Write out the data below exactly as given, without any of its pictures.

Provided material:
>>>

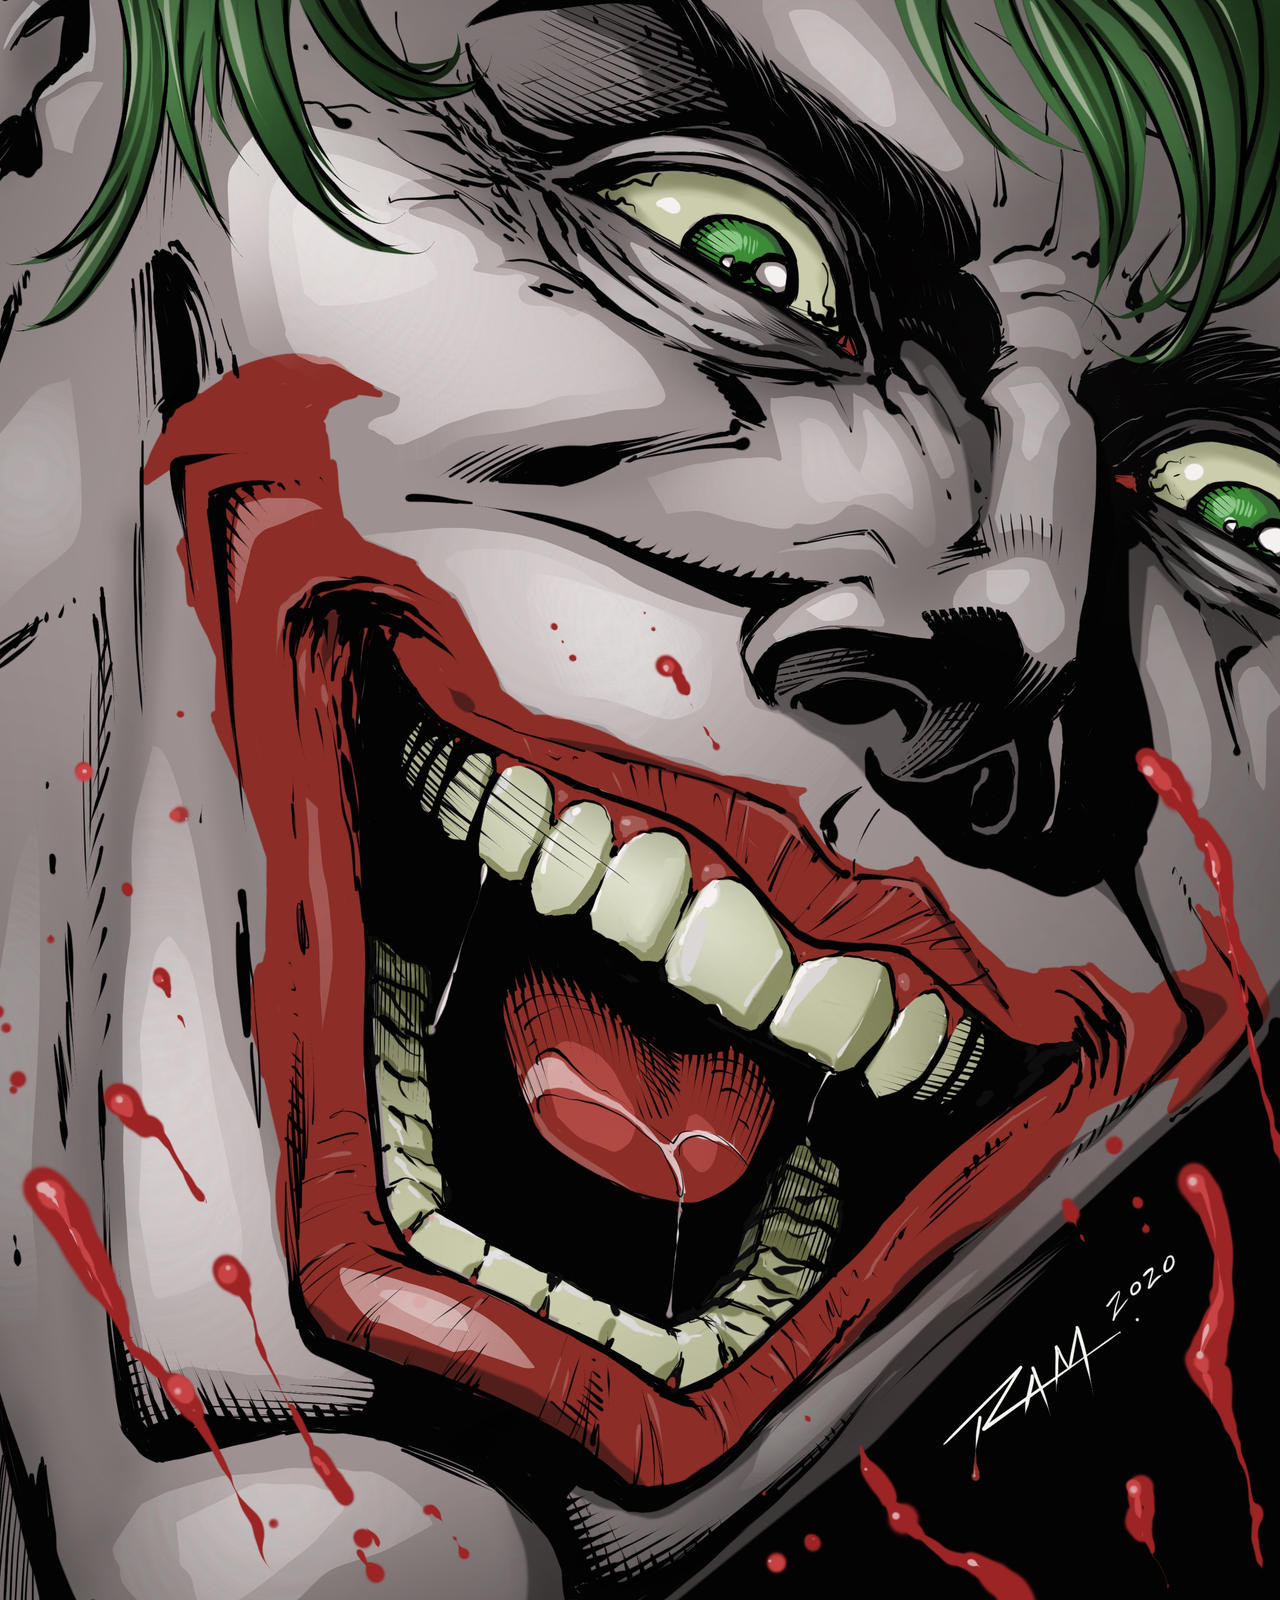 The Joker by robertmarzullo on DeviantArt
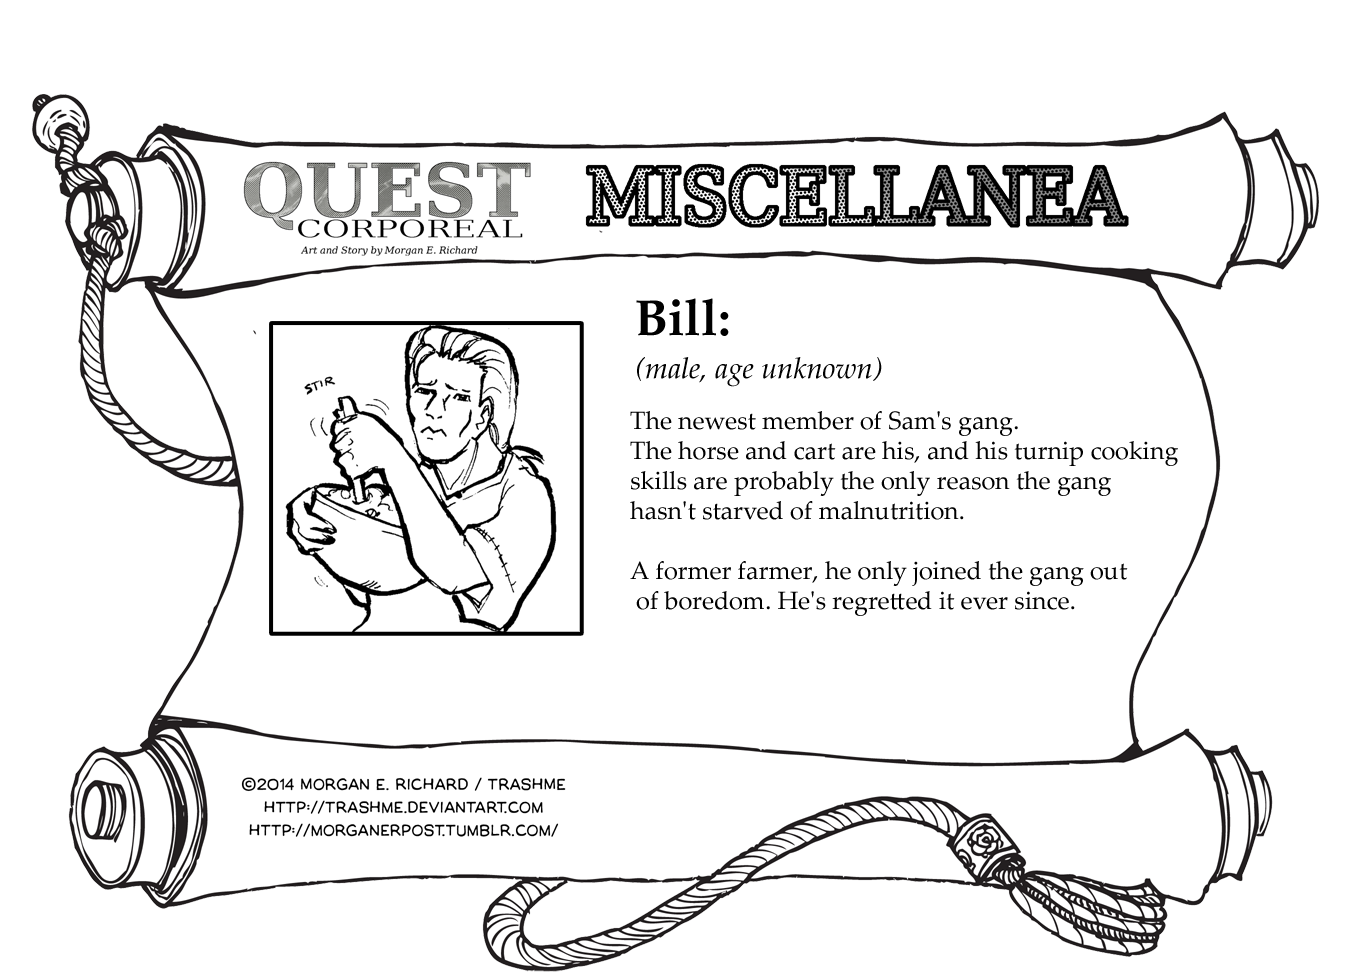 Miscellanea Corporeal: Bill
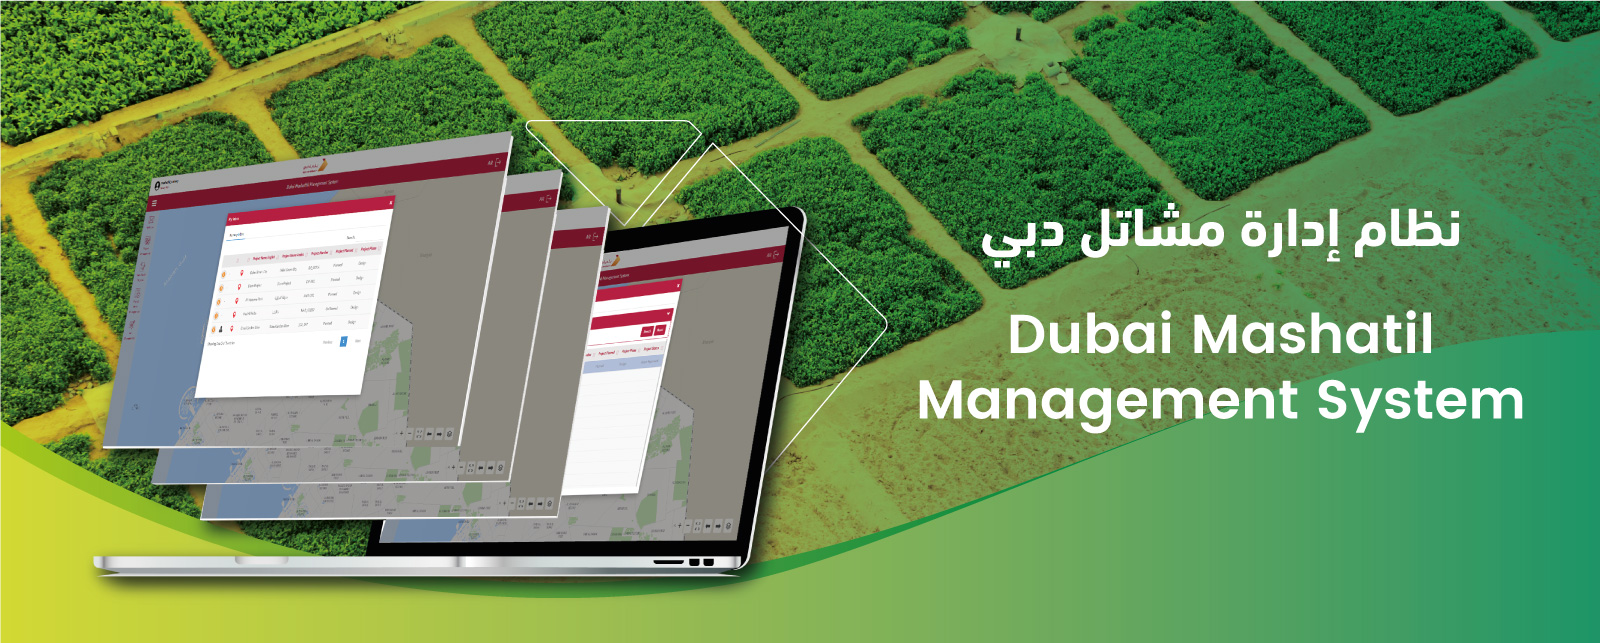 Dubai Mashatil Management System

<<<

Answer to this task:
 The Joker by robertmarzullo on DeviantArt
 Miscellanea Corporeal: Bill
 Dubai Mashatil Management System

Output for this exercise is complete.